[Given material]:

___

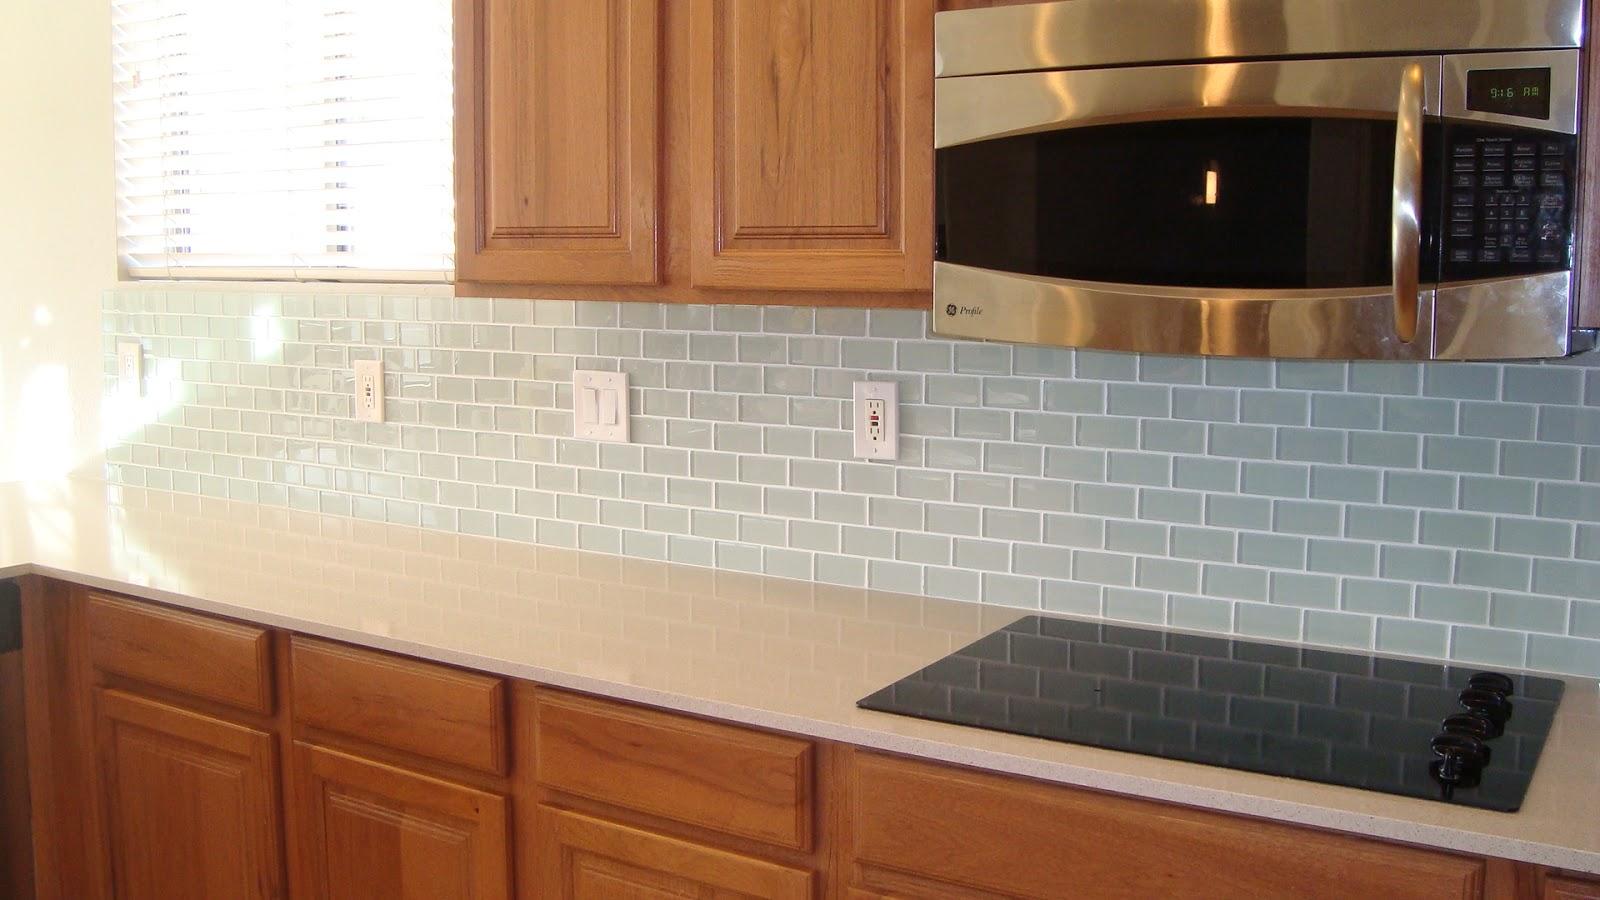 Displaying 17 gt images for light blue glass tile backsplash
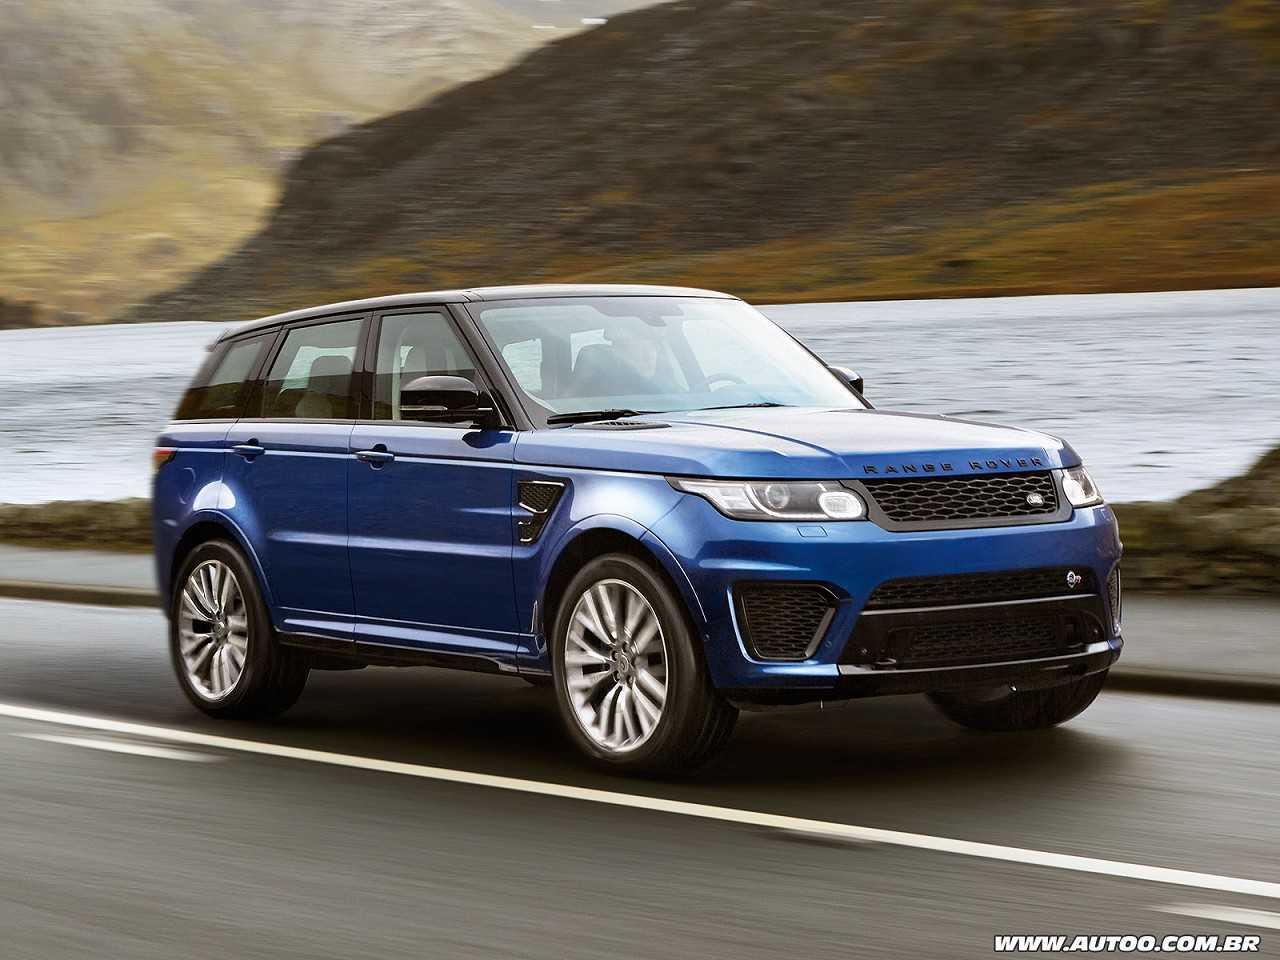 Land RoverRange Rover Sport 2015 - ângulo frontal
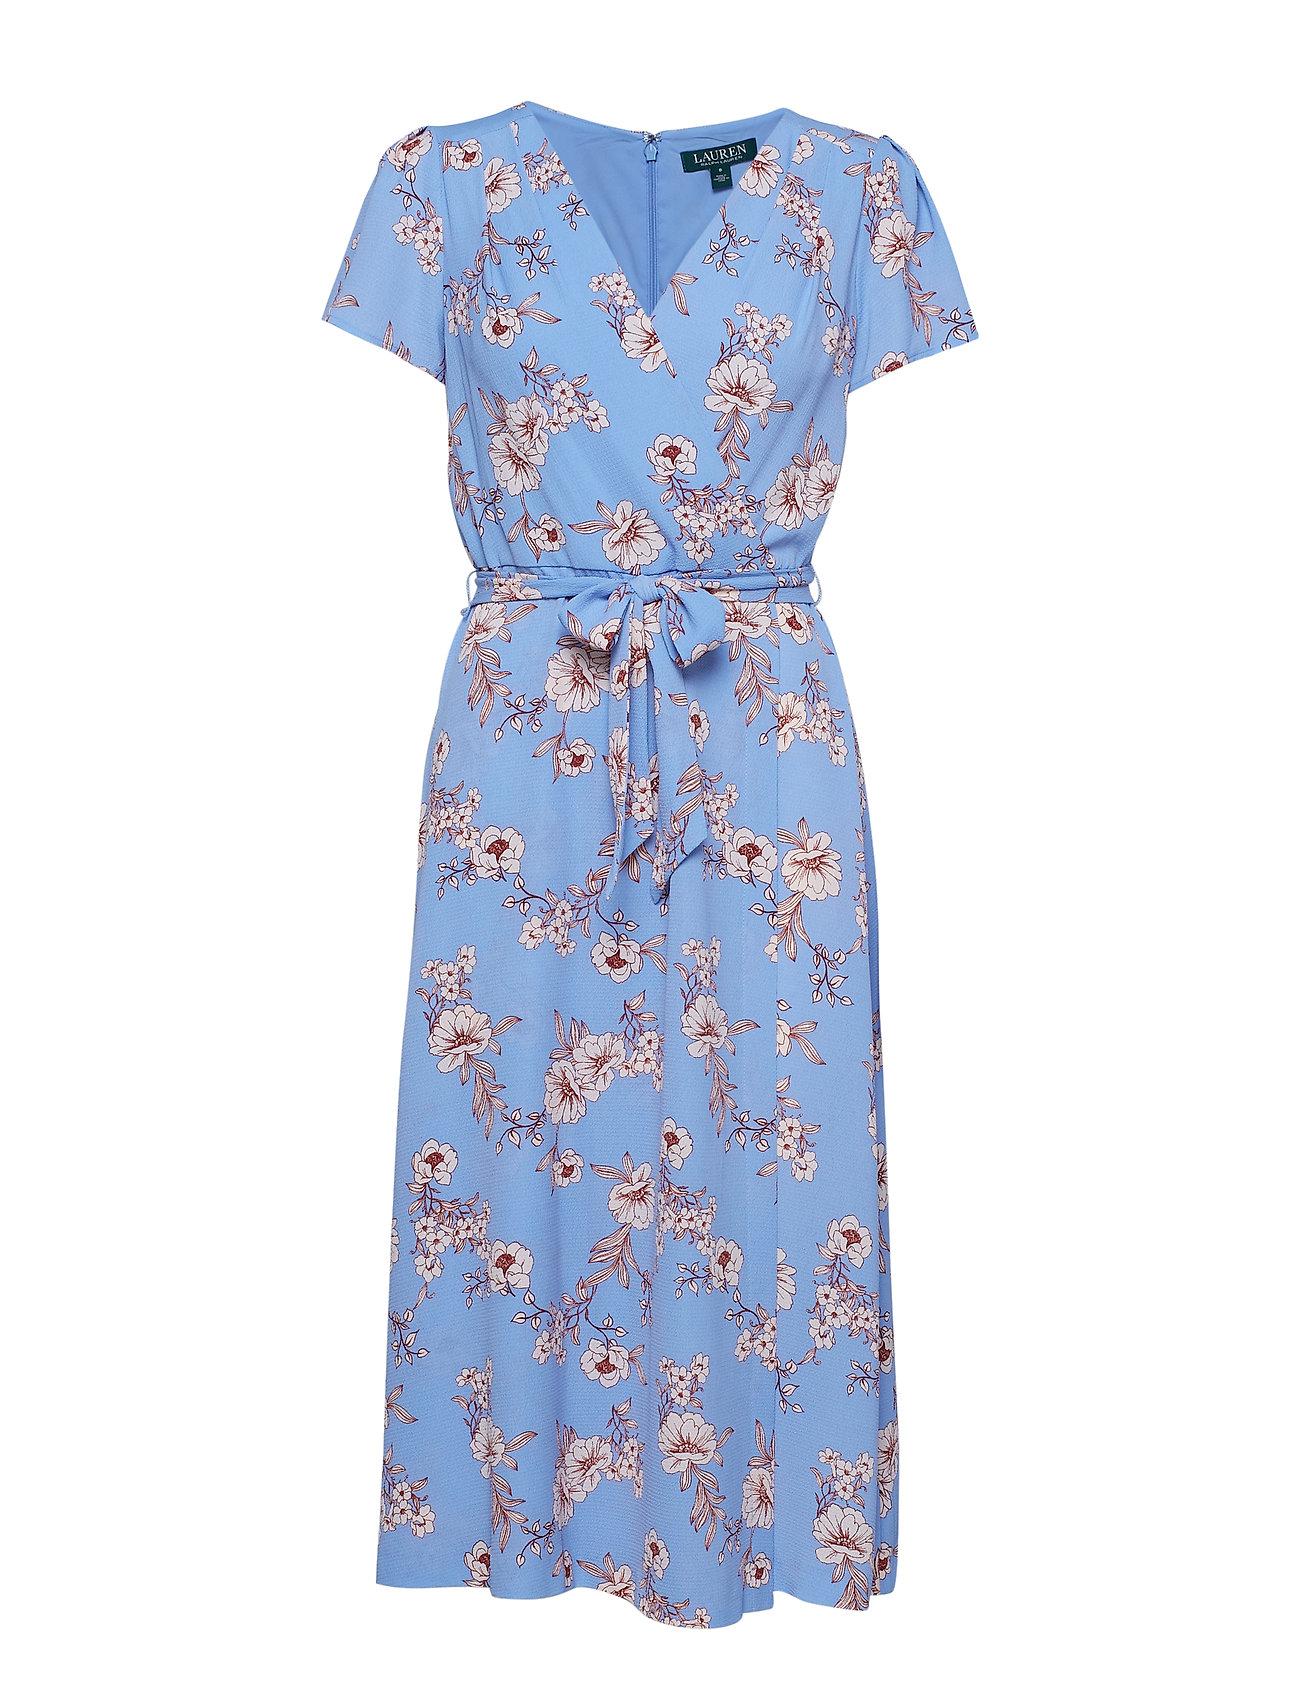 Lauren Ralph Lauren Floral Crepe Dress
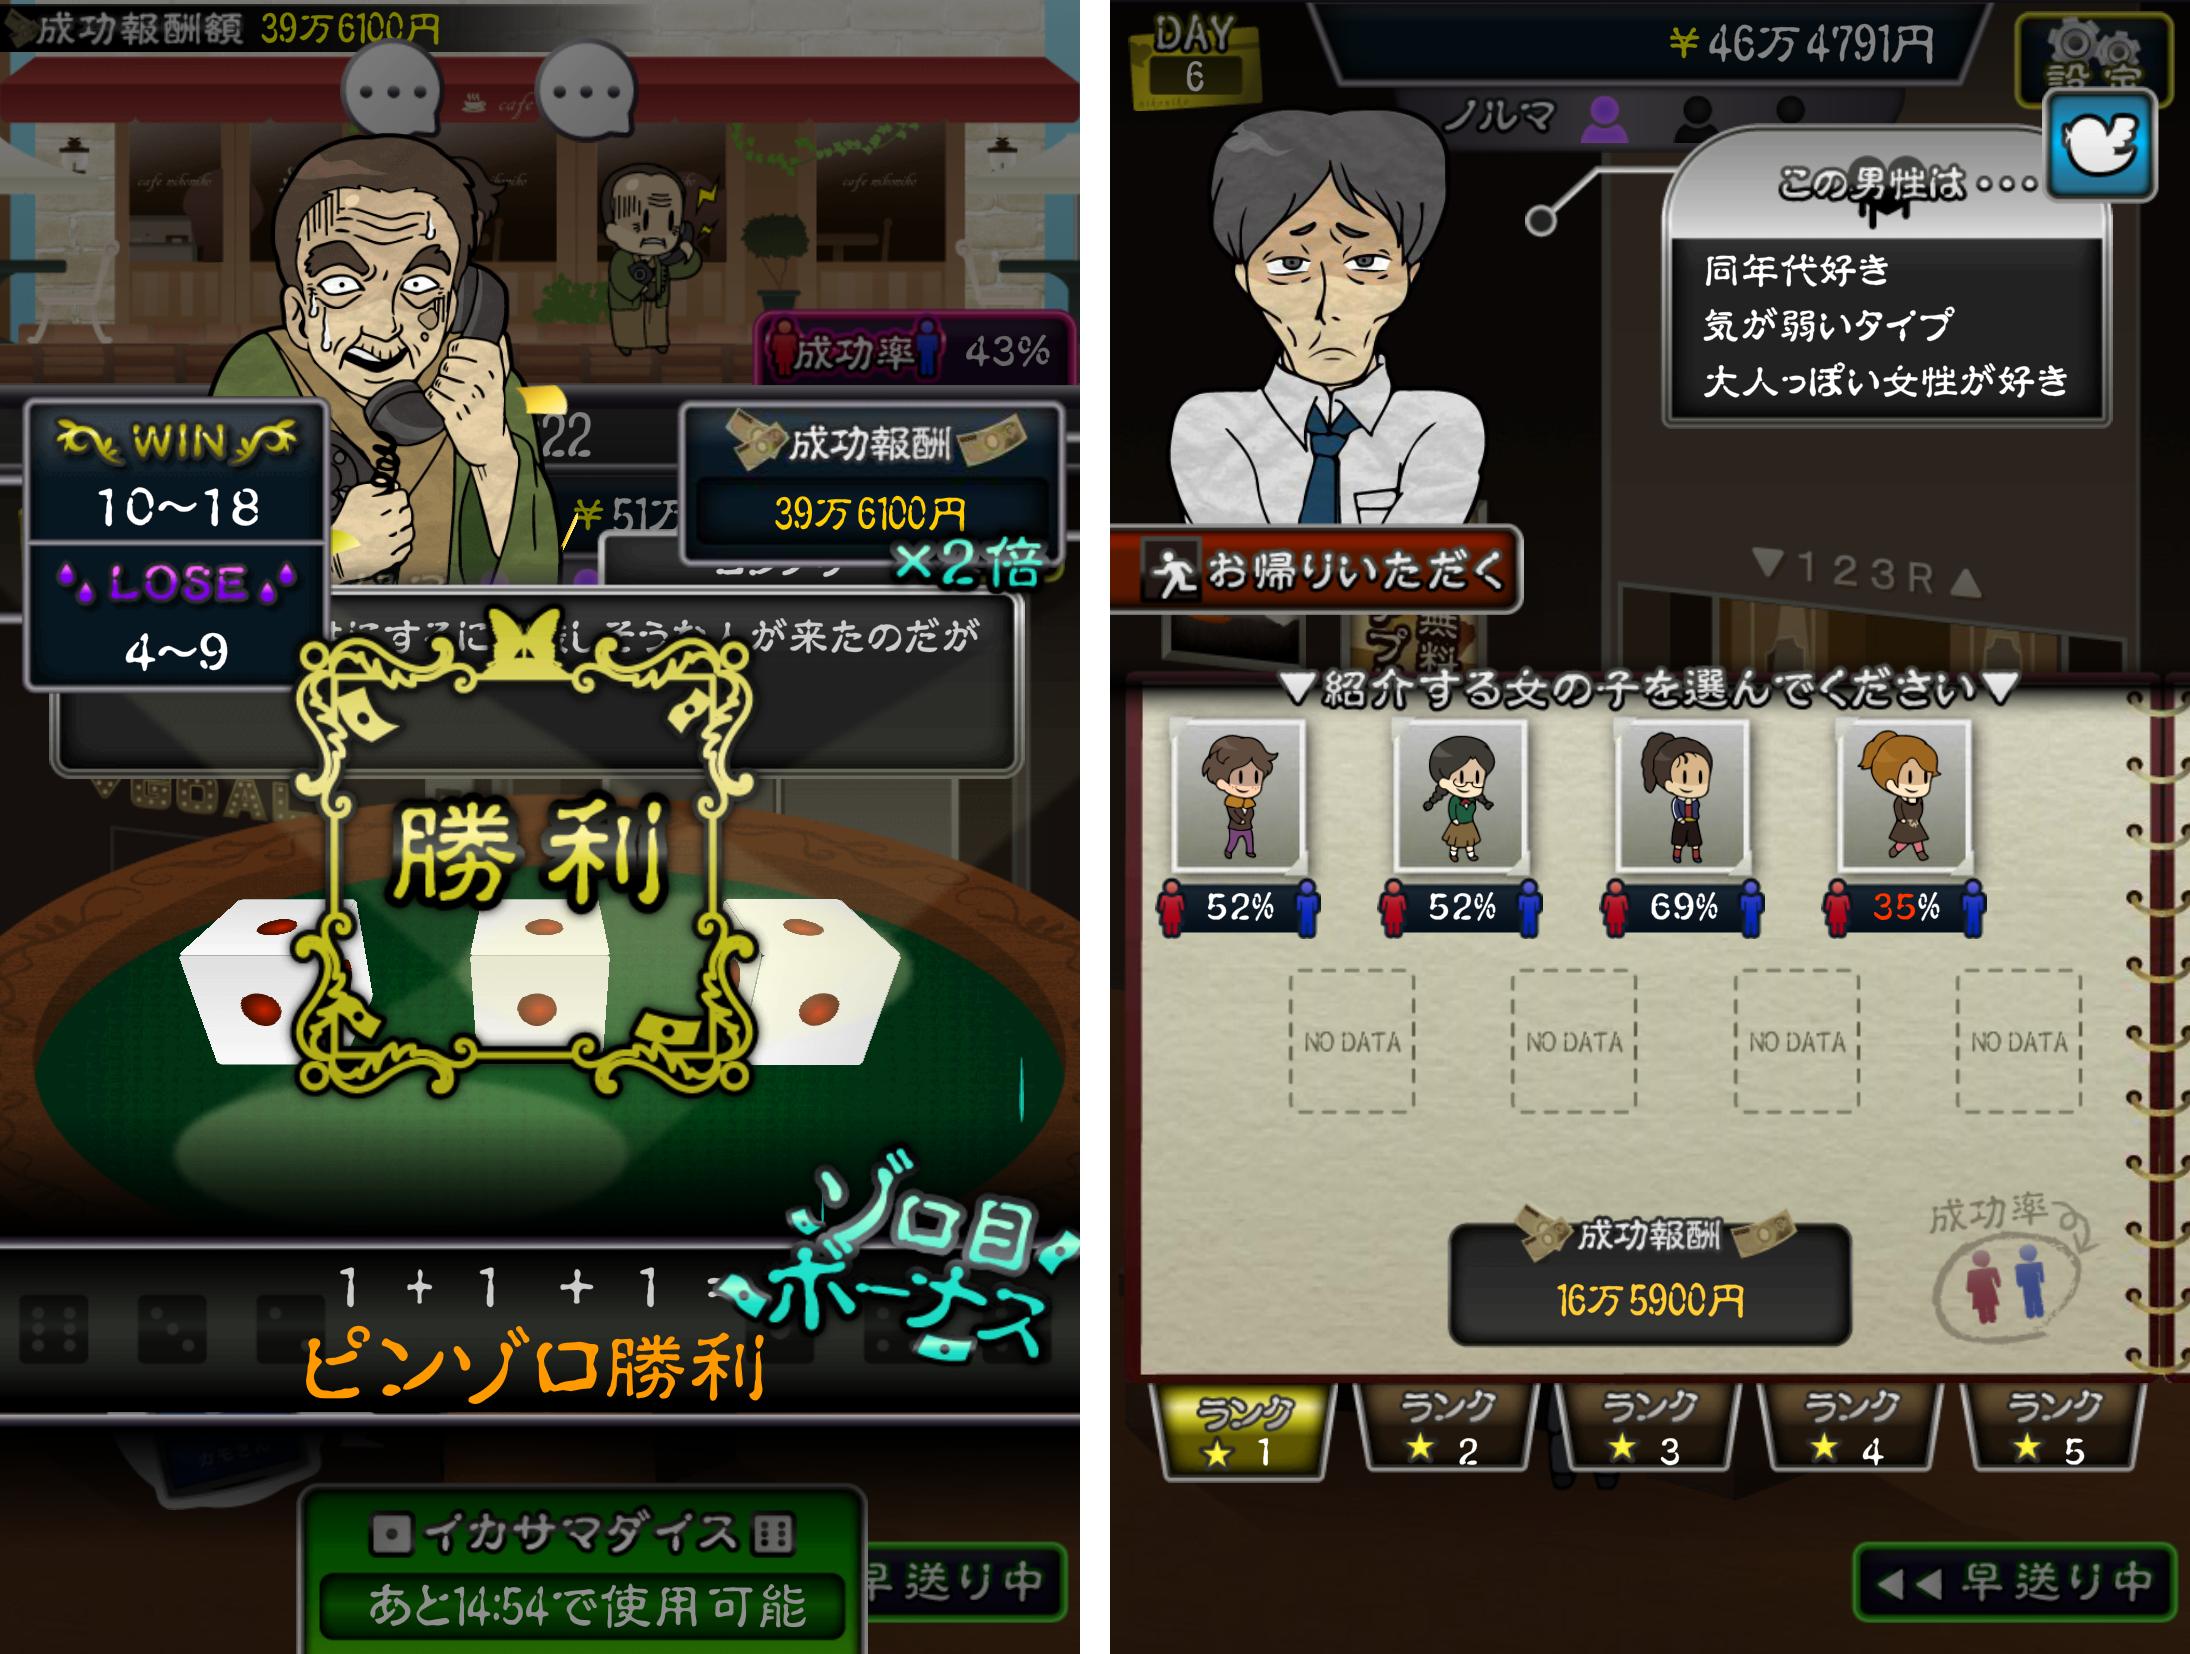 ニコニコ交際倶楽部 androidアプリスクリーンショット3

___

[What is being asked]: Your answer must be an exact copy of the data above, minus its pictures.

[Exercise result]:
 Displaying 17 gt images for light blue glass tile backsplash
 Land RoverRange Rover Sport 2015 - ângulo frontal
 Lauren Ralph Lauren Floral Crepe Dress
 ニコニコ交際倶楽部 androidアプリスクリーンショット3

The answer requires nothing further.